Optional (also see `make_classifier.v` for options in training a classifier)
weighting_flag: nearest neighbor counts are weighted by
class prevalences.
Output options:
show_flag: display results on the console;
expanded_flag: display additional information on the console, including
a confusion matrix.
outputfile_path: saves the result as a json file

fn optimals #

fn optimals(path string, in_opts Options, disp DisplaySettings) OptimalsResult

optimals determines which classifiers provide the best balanced accuracy, highest total for correct inferences, and highest correct inferences per class, for multiple classifiers whose settings are stored in a settings file.
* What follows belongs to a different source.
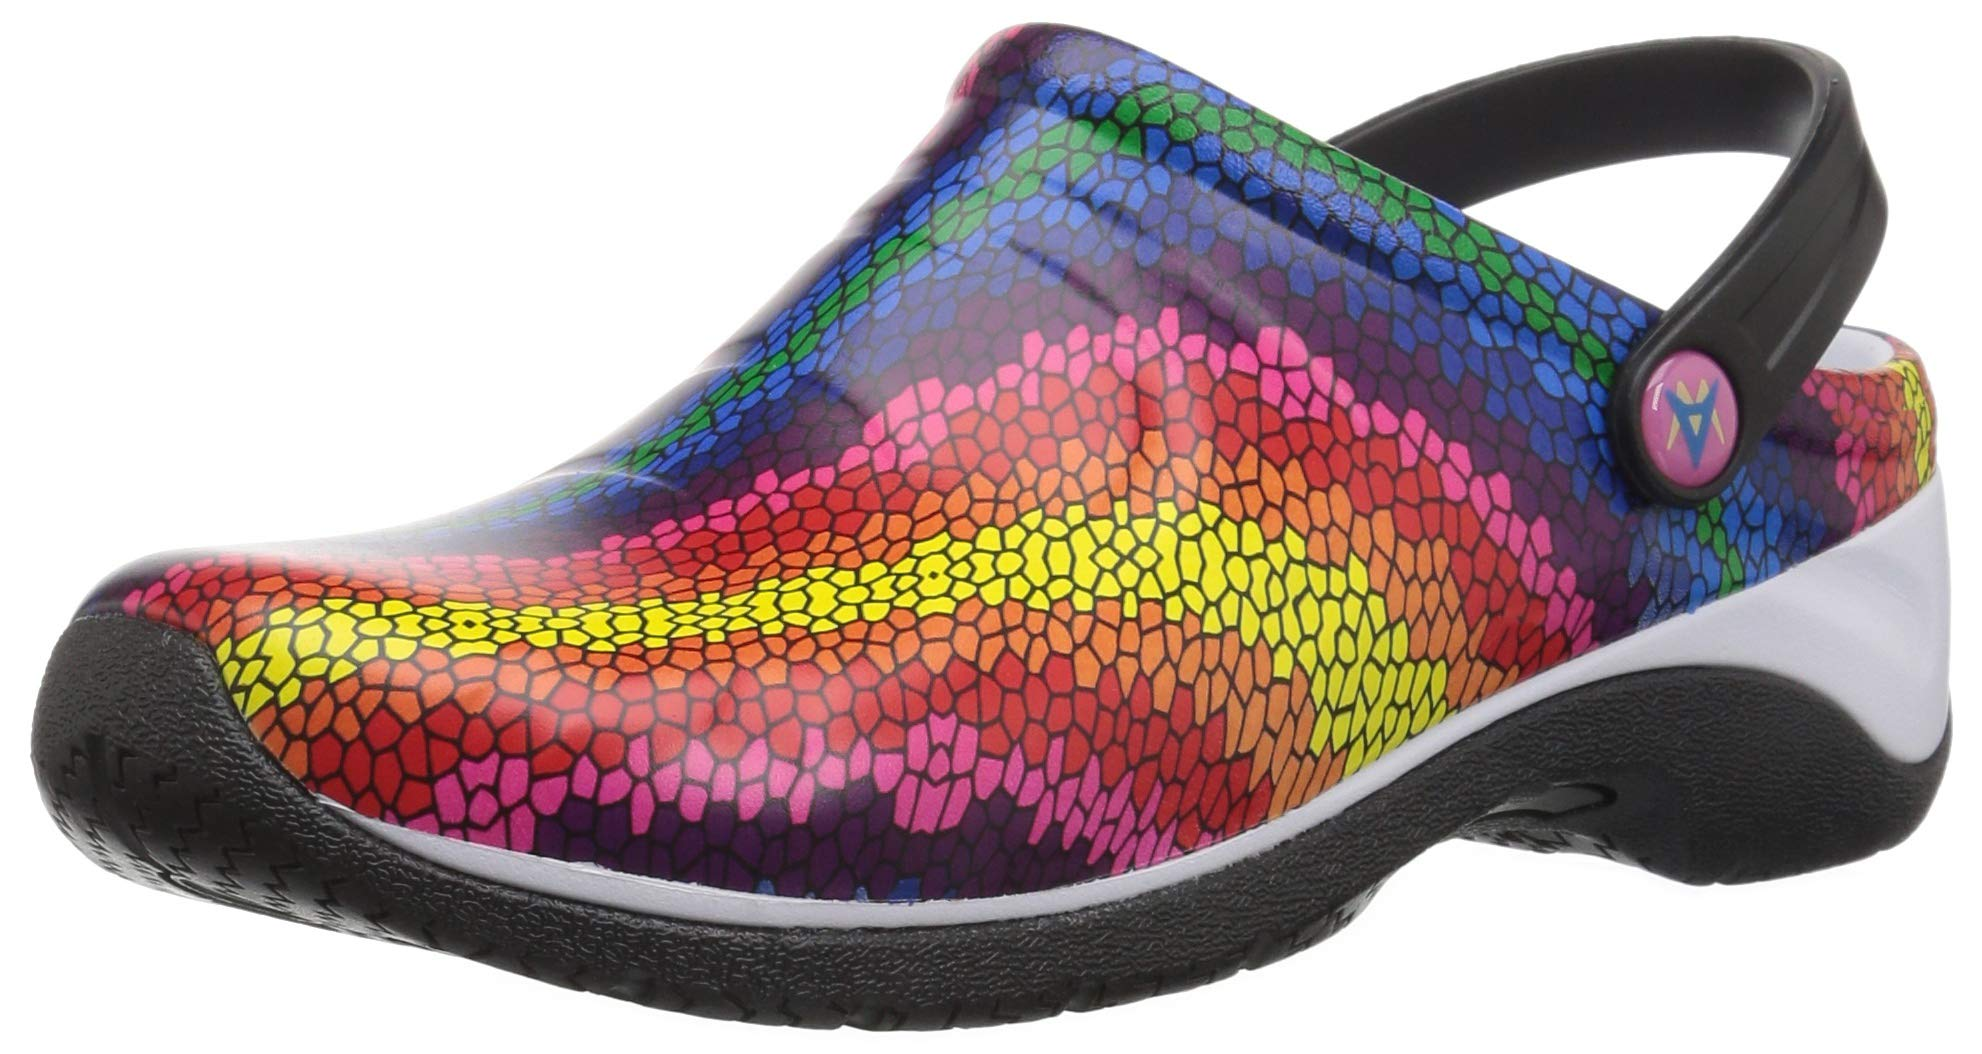 Anywear Women's Zone Medical Professional Shoe, Stained Glass, White, Black, 5 Medium US

fn purge_instances_for_missing_class_values_not_inline #

fn purge_instances_for_missing_class_values_not_inline(mut ds Dataset) Dataset

fn query #

fn query(cl Classifier, opts Options, disp DisplaySettings) ClassifyResult

query takes a trained classifier and performs an interactive session with the user at the console, asking the user to input a value for each trained attribute. It then asks to confirm or redo the responses. Once confirmed, the instance is classified and the inferred class is shown. The classified instance can optionally be saved in a file. The saved instance can be appended to the classifier using append_instances().

fn rank_attributes #

fn rank_attributes(ds Dataset, opts Options, disp DisplaySettings) RankingResult

rank_attributes takes a Dataset and returns a list of all the dataset's usable attributes, ranked in order of each attribute's ability to separate the classes.

Algorithm:
for each attribute:
create a matrix with attribute values for row headers, and
class values for column headers;
for each unique value `val` for that attribute:
for each unique value `class` of the class attribute:
for each instance:
accumulate a count for those instances whose class value
equals `class`;
populate the matrix with these accumulated counts;
for each `val`:
get the absolute values of the differences between accumulated
counts for each pair of `class` values`;
add those absolute differences;
total those added absolute differences to get the raw rank value
for that attribute.
To obtain rank values weighted by class prevalences, use the same algorithm
except before taking the difference of each pair of accumulated counts,
multiply each count of the pair by the class prevalence of the other class.
(Note: rank_attributes always uses class prevalences as weights)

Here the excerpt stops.